Entre le petit-déjeuner professionnel de mon patron ce matin, rendez-vous auquel je devais théoriquement me consacrer entièrement, entre un tournage pour une émission débile d'une chaîne pour pré-ados au cervelet flasque, tournage pour lequel je préparais et servais cafés et jus de fruits, entre les bagages et les clients hollandais qui me remerciaient pour la voiture, le séjour, ma conversation et mon sourire, rien que ça, entre les fausses Saoudiennes irritant le personnel (de la femme de chambre au directeur) au point que tout le monde les avait vite surnommées "les Moches" ou "les Grosses".

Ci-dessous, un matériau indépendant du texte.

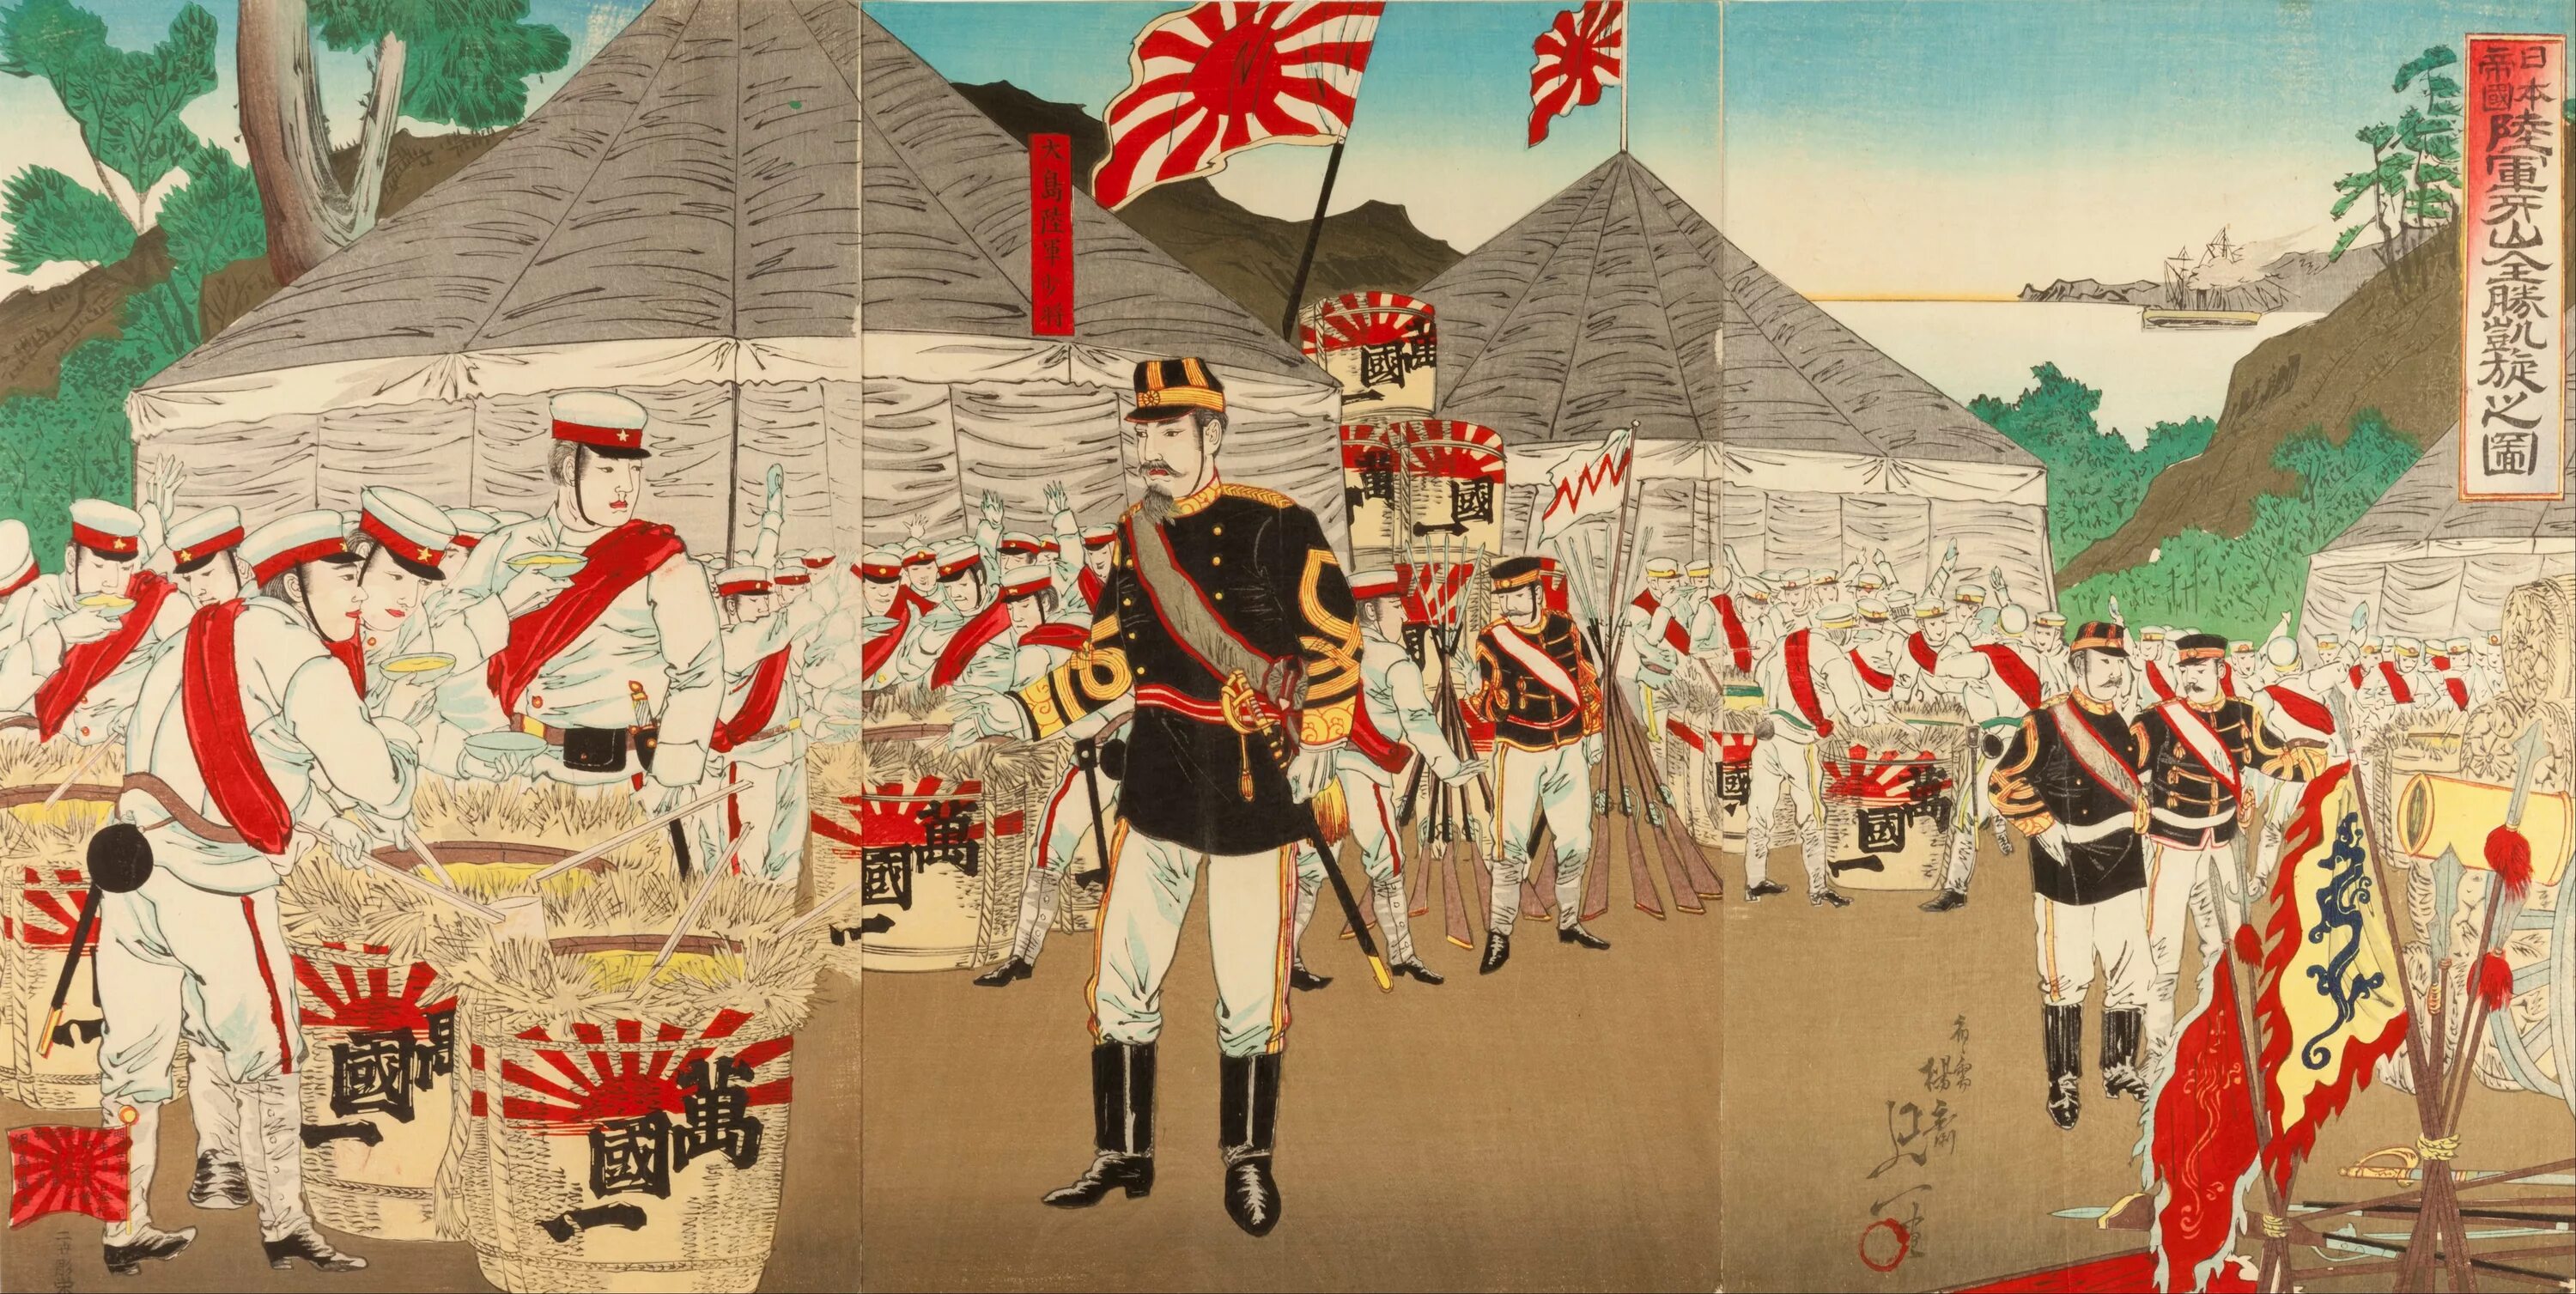 Империя обсуждение. Императорская армия Японии революция Мэйдзи. Флаг императорской армии Японии. Флаг японской империи в эпоху Мэйдзи. Японский флаг Мэйдзи.

La charmante réceptionniste me confie ce matin. "Tu sais quel âge elles ont ?" Je leur aurais facilement donné 75 ans. Eh bien, sur leur passeport, elles en affichaient vingt de moins. Je rétorque à ma collègue : "Ah ! tout s'explique, la méchanceté, ça laisse des traces." Parlant couramment l'arabe, elle me met dans la confidence, me raconte les horreurs que profèrent ces dames. A l'égard de leurs servantes. "Séparez-nous les lits au maximum. Vous comprenez, je ne peux quand même pas respirer le même air que ma servante philippine."

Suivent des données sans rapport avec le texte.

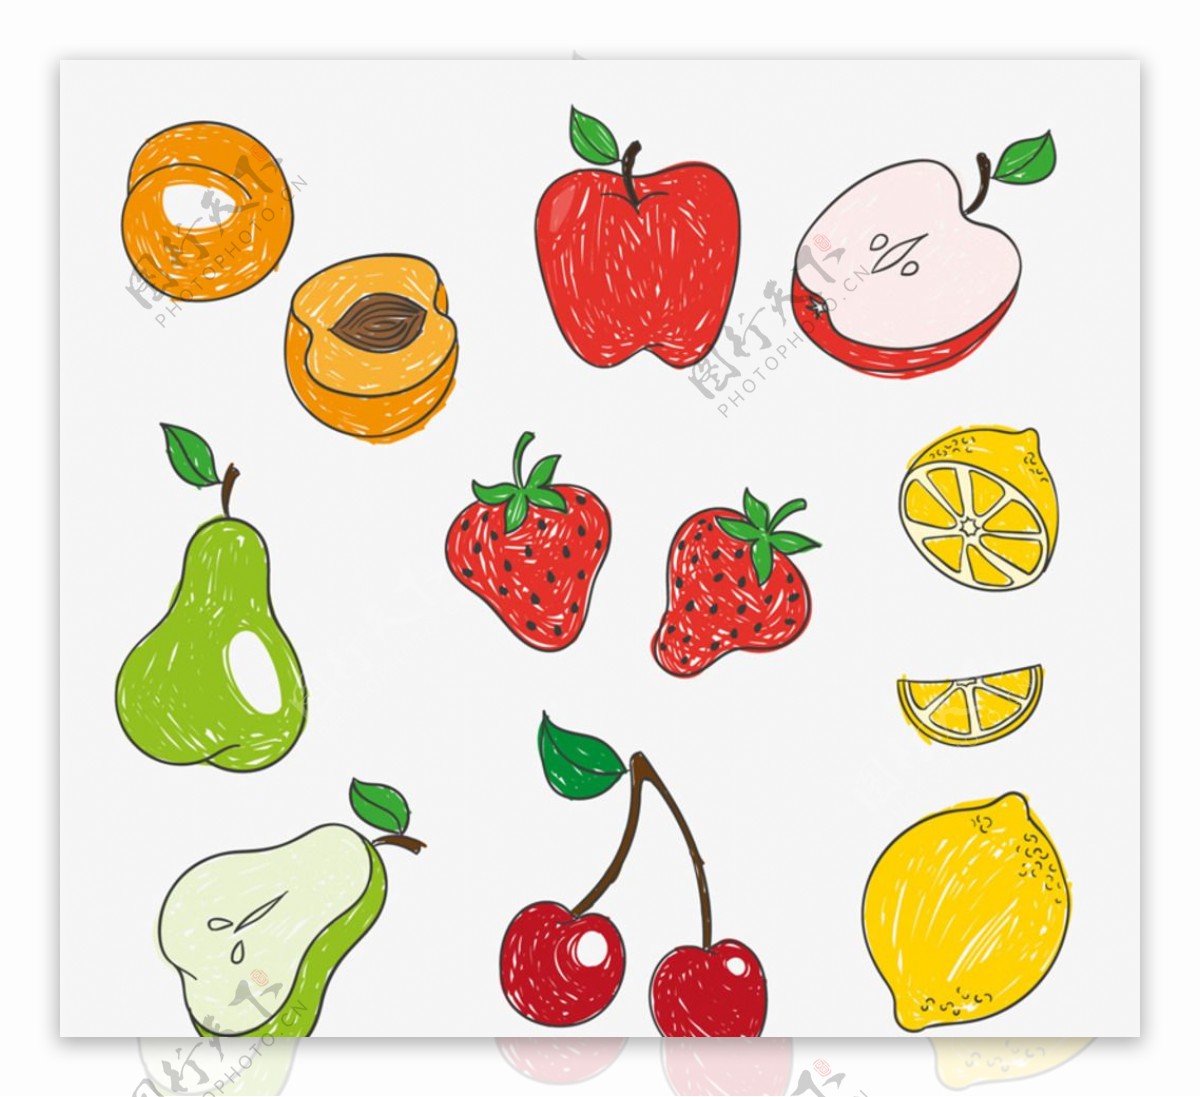 彩绘水果设计矢量图

Evitant soigneusement leur regard pour ne pas les servir, justement, je m'avance vers un client plus aimable. Il me demande où et comment faire livrer dans la demi-heure des fleurs. Inutile de me dire à qui est destinée la faveur. J'ai remarqué. Ce serait à l'attention de la charmante réceptionniste sus-mentionnée. J'invite discrètement le client à me rejoindre à l'étage inférieur (je prends l'ascenseur et lui les escaliers) afin que nous procédions aux préparatifs. Oui ce serait possible. Oui je me chargerais de les faire livrer à la demoiselle. Combien, quoi, où, comment, et n'oubliez pas le petit carton avec la mention "de la part de". Un quart d'heure plus tard, je signale à ma collègue en grande conversation avec le directeur que je m'en vais faire une course pour les Italiennes de la chambre 305. Ils n'ont pas le loisir de me questionner sur les tenants et les aboutissants, j'ai déjà enfilé mon manteau, je suis déjà sur les Champs-Elysées à la recherche d'un fleuriste.

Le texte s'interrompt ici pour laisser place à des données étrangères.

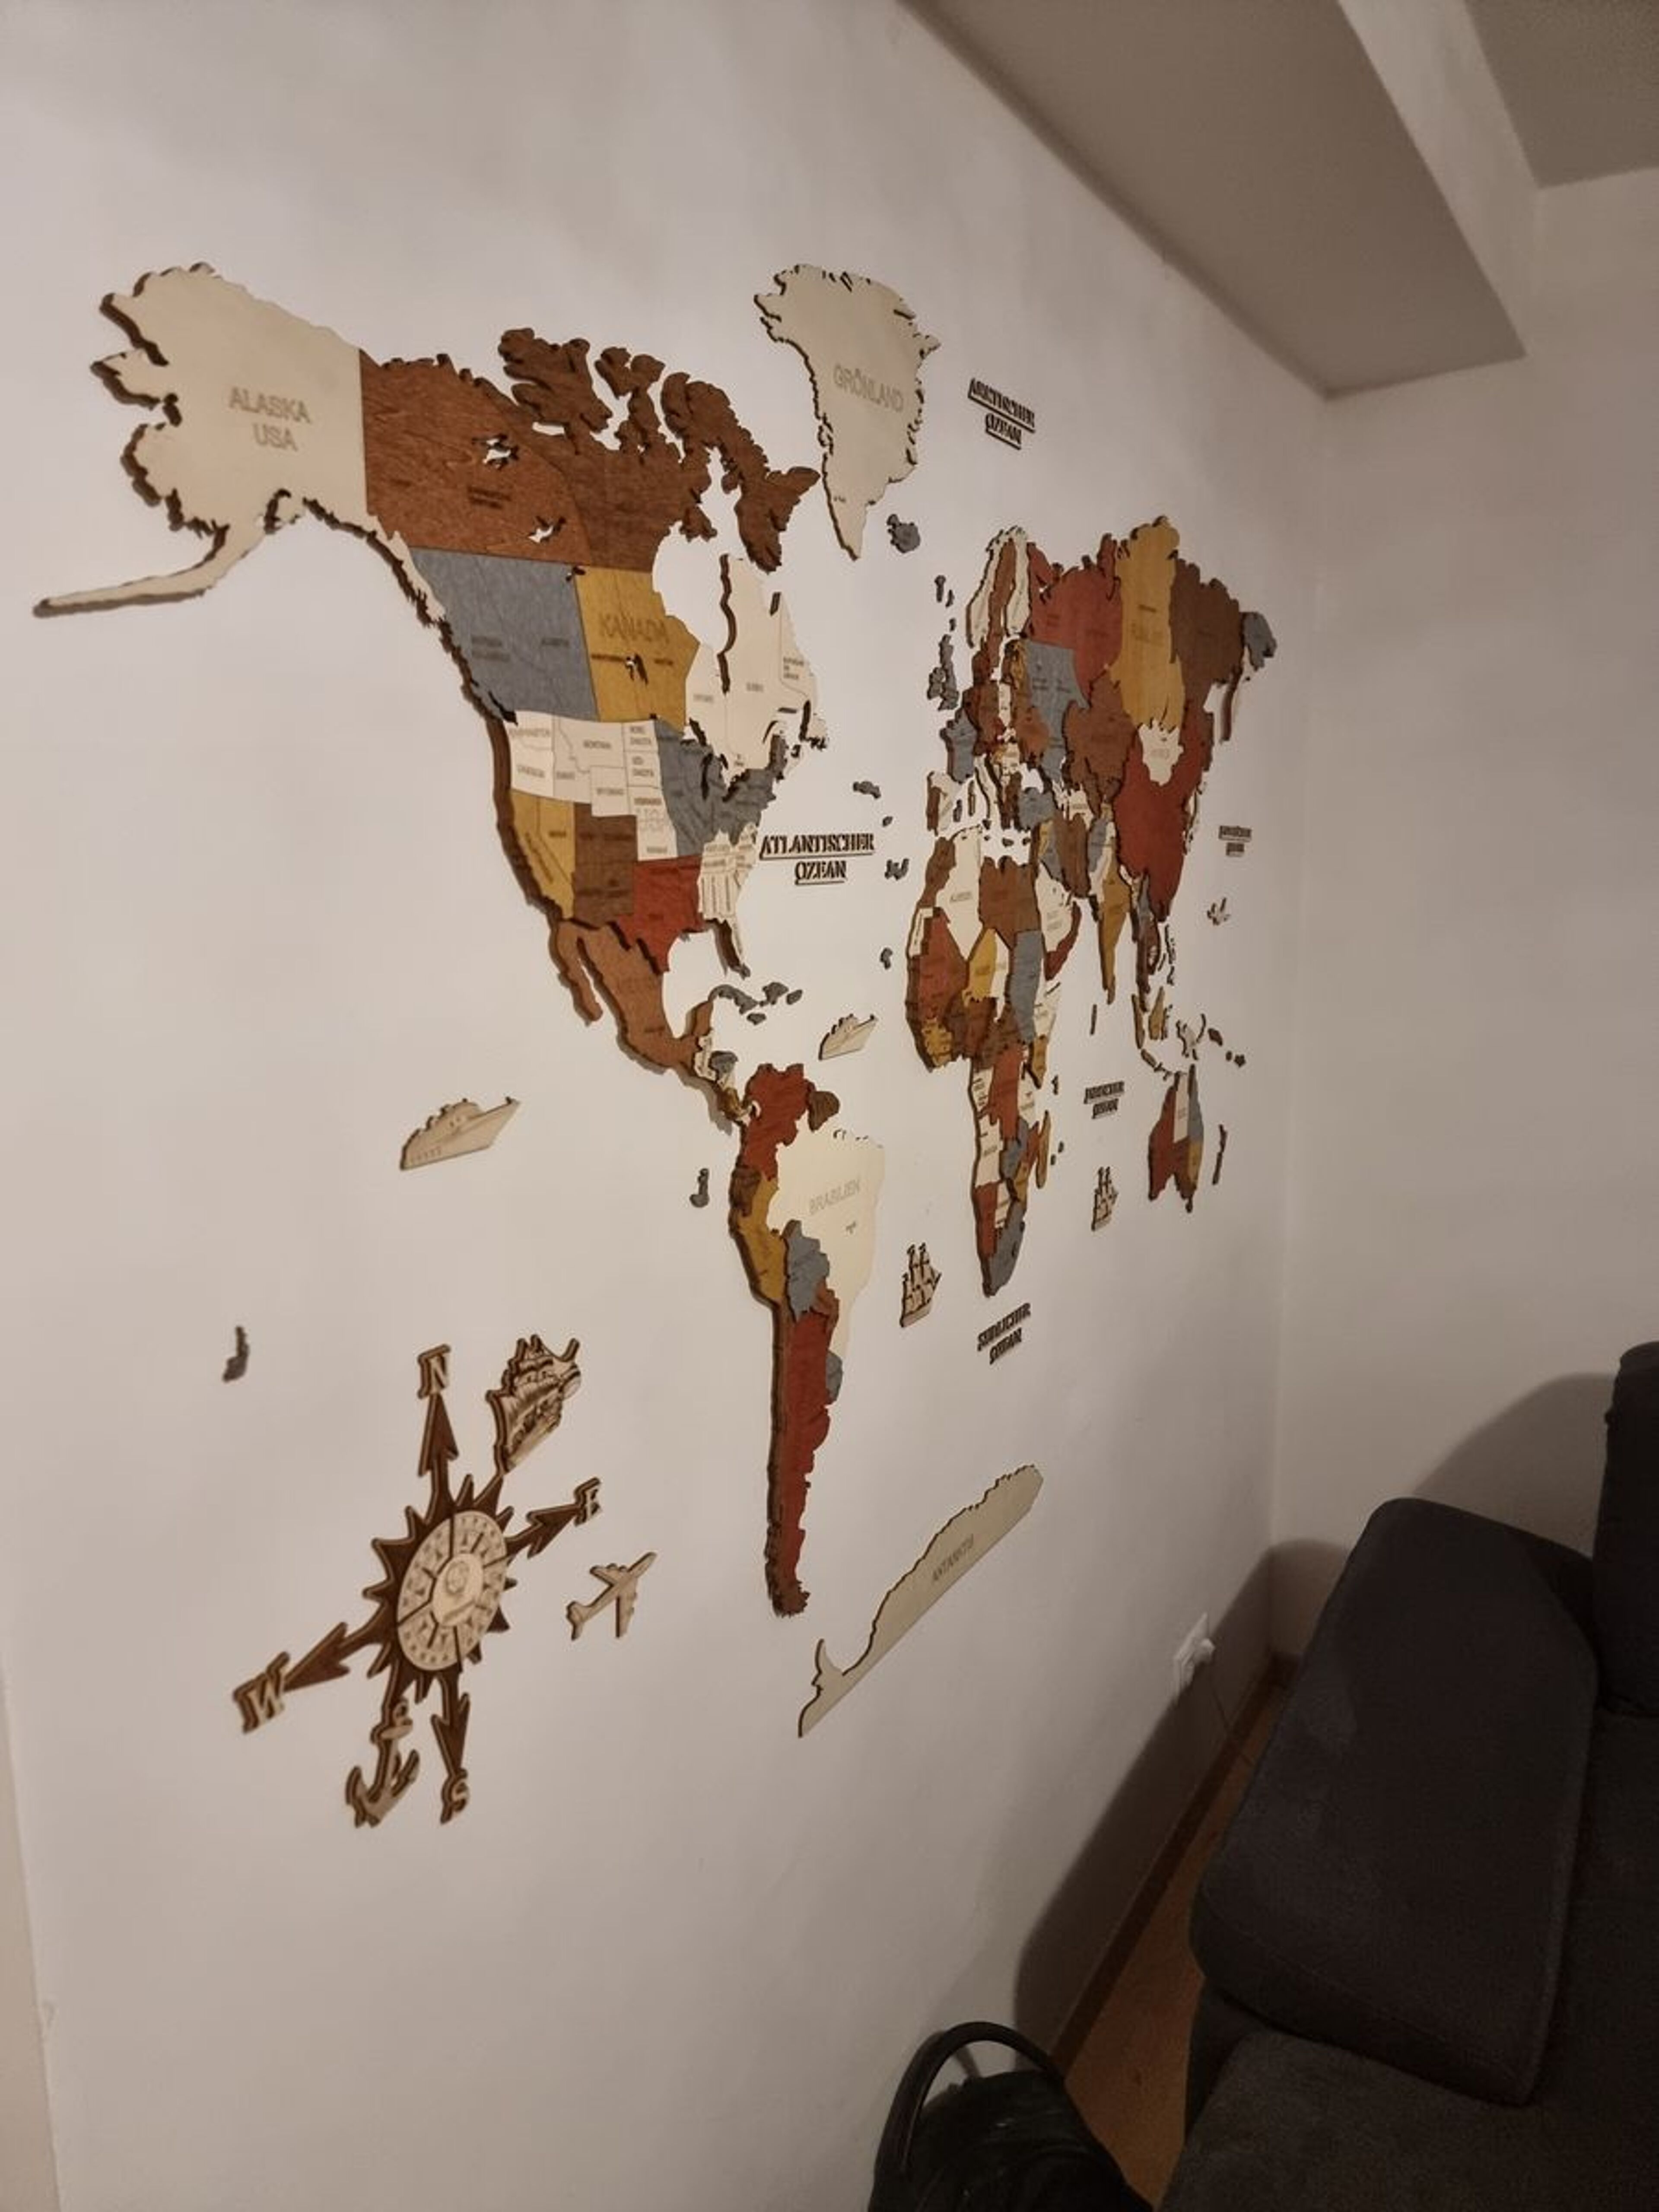 Reseña de Mapa del mundo de madera - imagen de Daniel V.

Franchissant le perron d'un fleuriste du 8e arrondissement de Paris, je sais, je sens que la livraison me sera refusée. Il est presque 19h. J'attends patiemment. J'admire les roses, les hortensias en provenance d'Amérique du Sud, j'élabore un scénario. Mon client doit être satisfait. Je ne peux livrer moi-même le bouquet. "Ah non, monsieur, pas de chance, notre livreur a terminé sa tournée." Je parlemente. J'enjolive. Et j'obtiens ce que je veux. La fleuriste compose le bouquet. Je règle. Et le patron de la boutique me propose le siège passager de sa voiture et me conduit jusqu'à l'hôtel. Nous papotons. Il me dépose à dix mètres, il livre les roses. Je patiente deux minutes et fais mine d'arriver de ma fausse course pour les Italiennes de la chambre 305, ignorant la livraison et la surprise de ma collègue.